Okwui Enwezor (born October 23, 1963 in Calabar , Nigeria ; † March 15, 2019 in Munich ) was a Nigerian curator , author and university professor . His mother tongue was Igbo . From October 2011 to June 2018 he was director of the Haus der Kunst in Munich.

life and work

Enwezor began studying political science at New Jersey City State College in 1982 after moving to New York , from which he graduated in 1987 with a bachelor's degree. His approach to art began with an interest in poetry, he performed in the Knitting Factory and wrote his first publications. In 1993, Enwezor founded the magazine NKA: Journal of Contemporary African Art , which appears three times a year, together with Salah Hassan ( Cornell University ) and Chika Okeke-Agulu ( Princeton University ) , in which they try to overcome the fixation of the international art business on the Euro-American context.

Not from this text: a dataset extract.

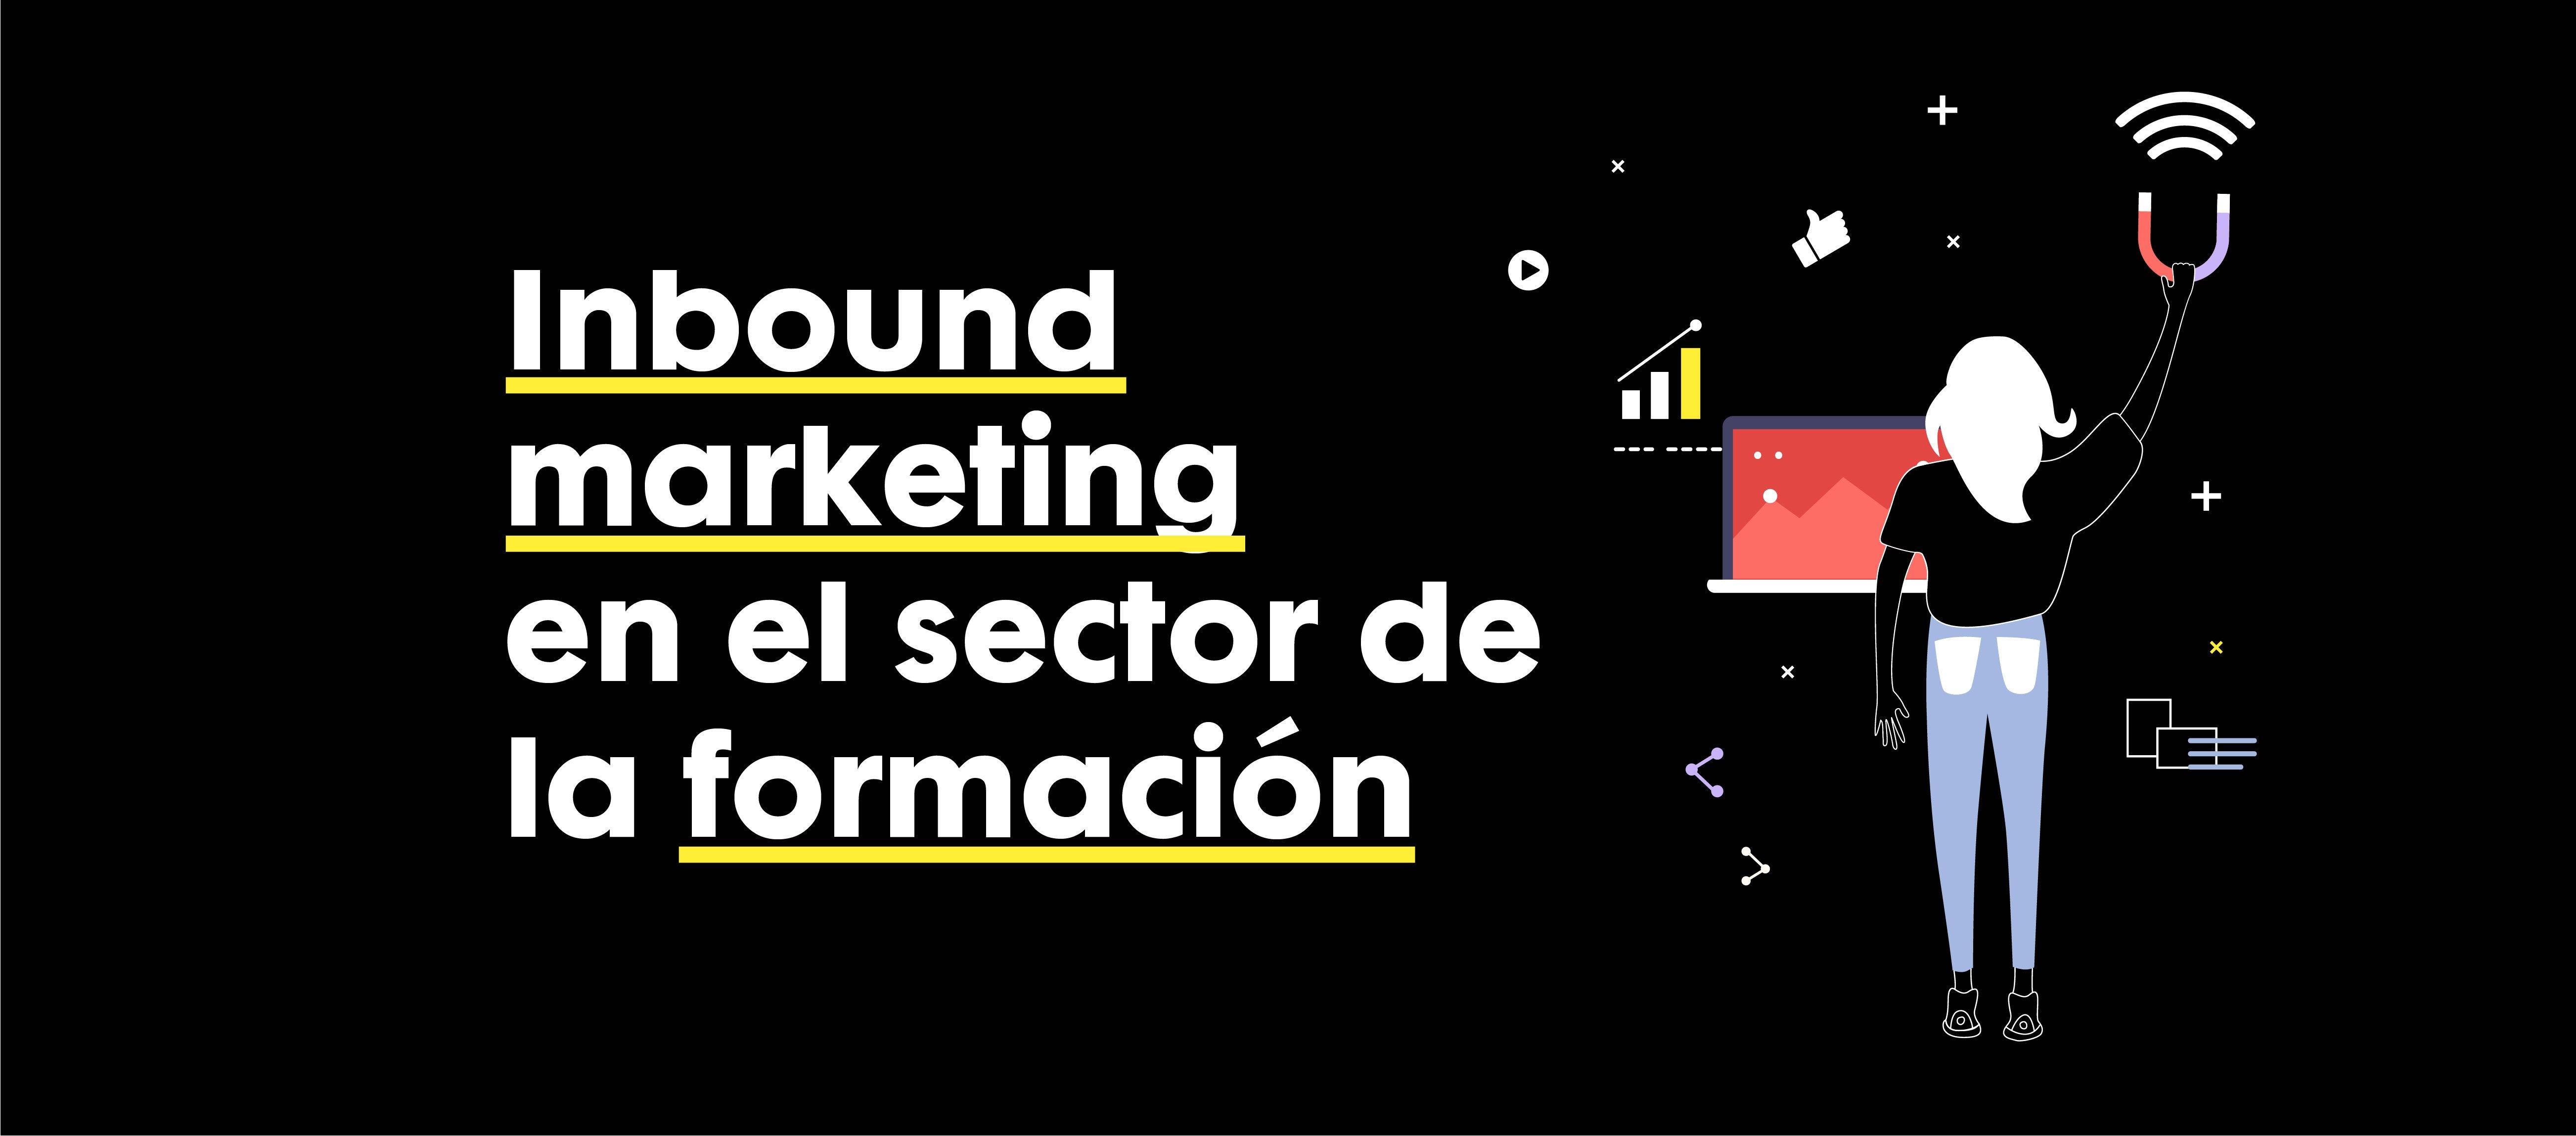 Inbound Marketing Sector Formacion Blog
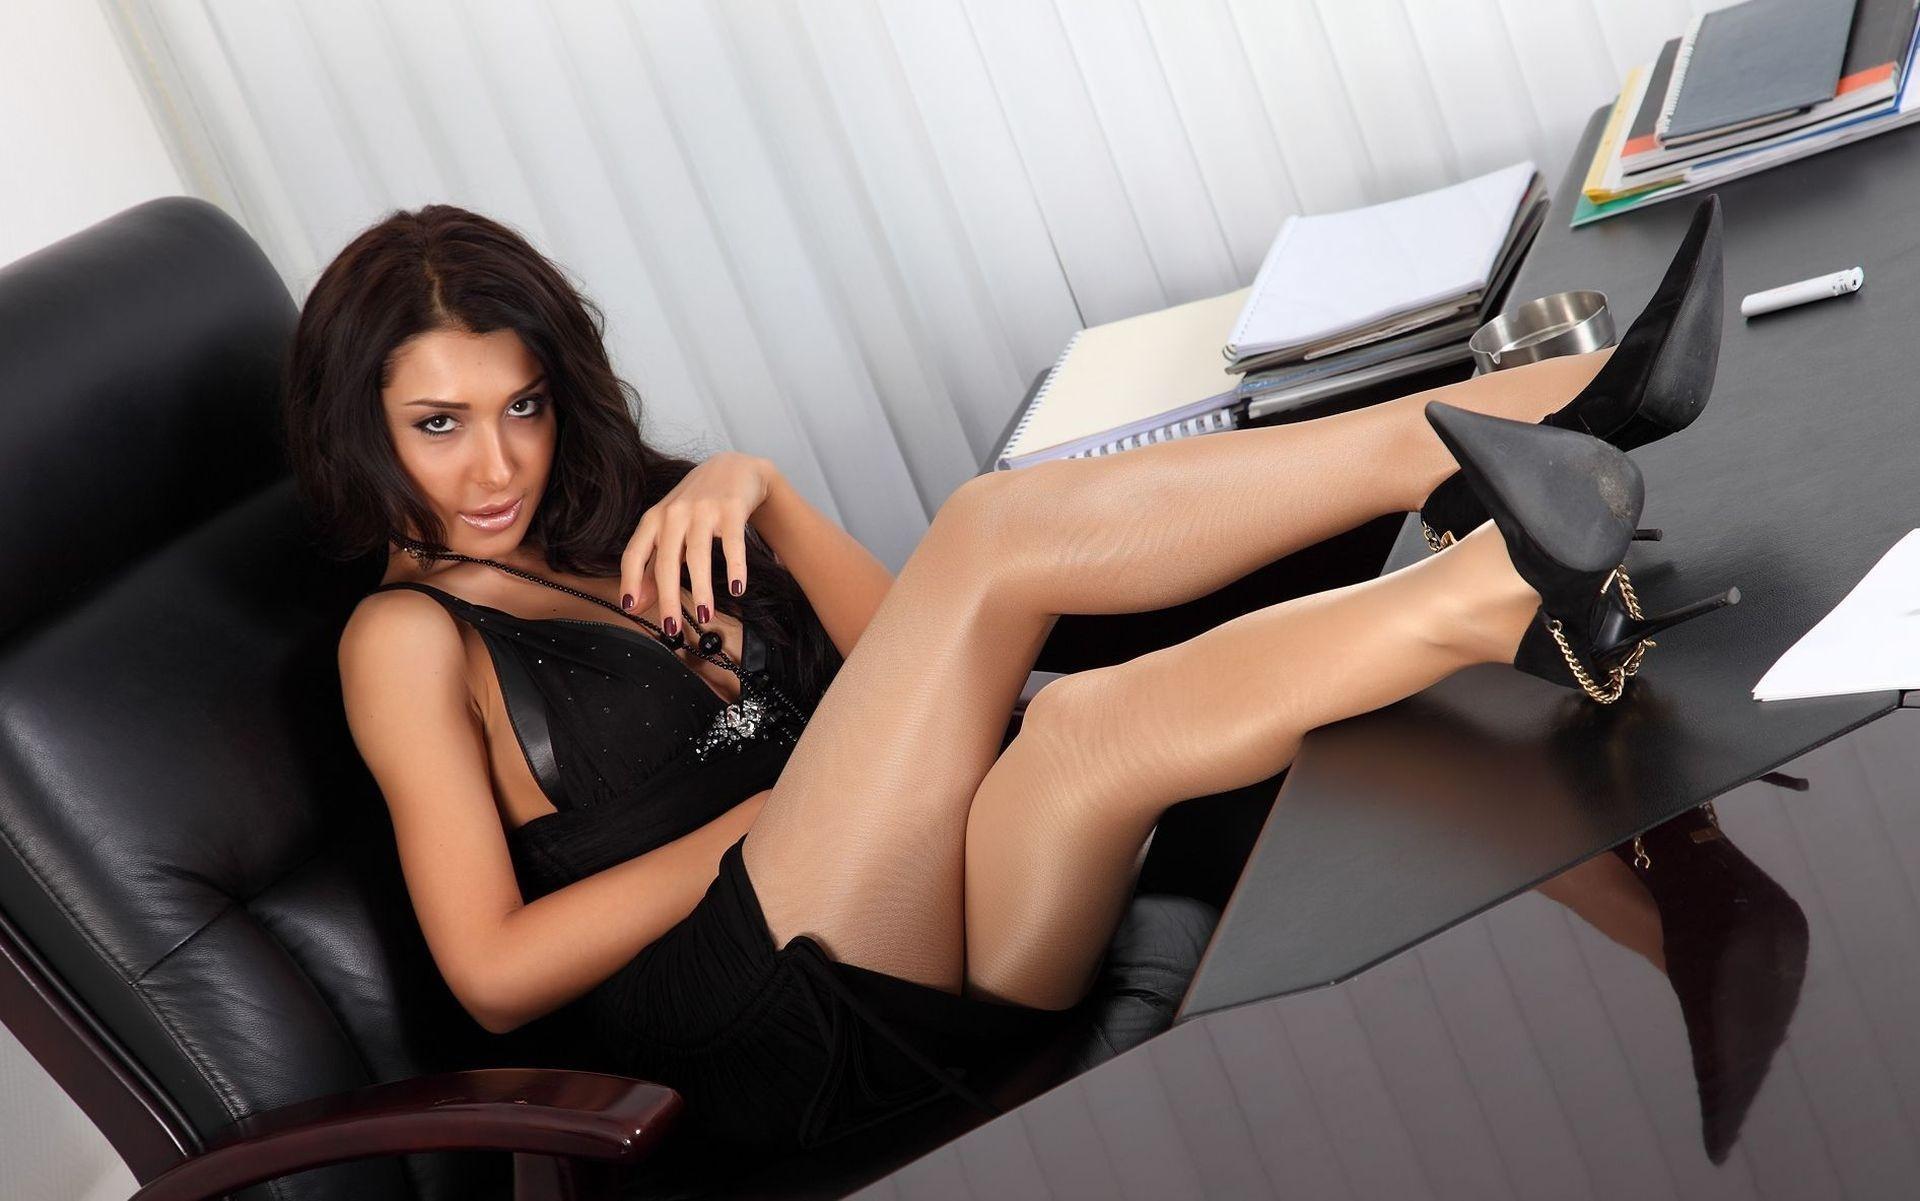 Leggy brunette MILF Jennifer Dark chained to office chair during rough sex № 207974 без смс

Based on this entry into the art business, he became an extraordinary curator at the International Center of Photography in New York. He was Dean of Academic Affairs at the San Francisco Art Institute (2005–2009) and visiting professor at Art History University in Pittsburgh , Columbia University New York, University of Illinois Urbana-Champaign, and Umeå University in Sweden. Enwezor was a Joanne Cassulo Fellow of the Independent Study Program at the Whitney Museum of American Art in New York (2010-2011).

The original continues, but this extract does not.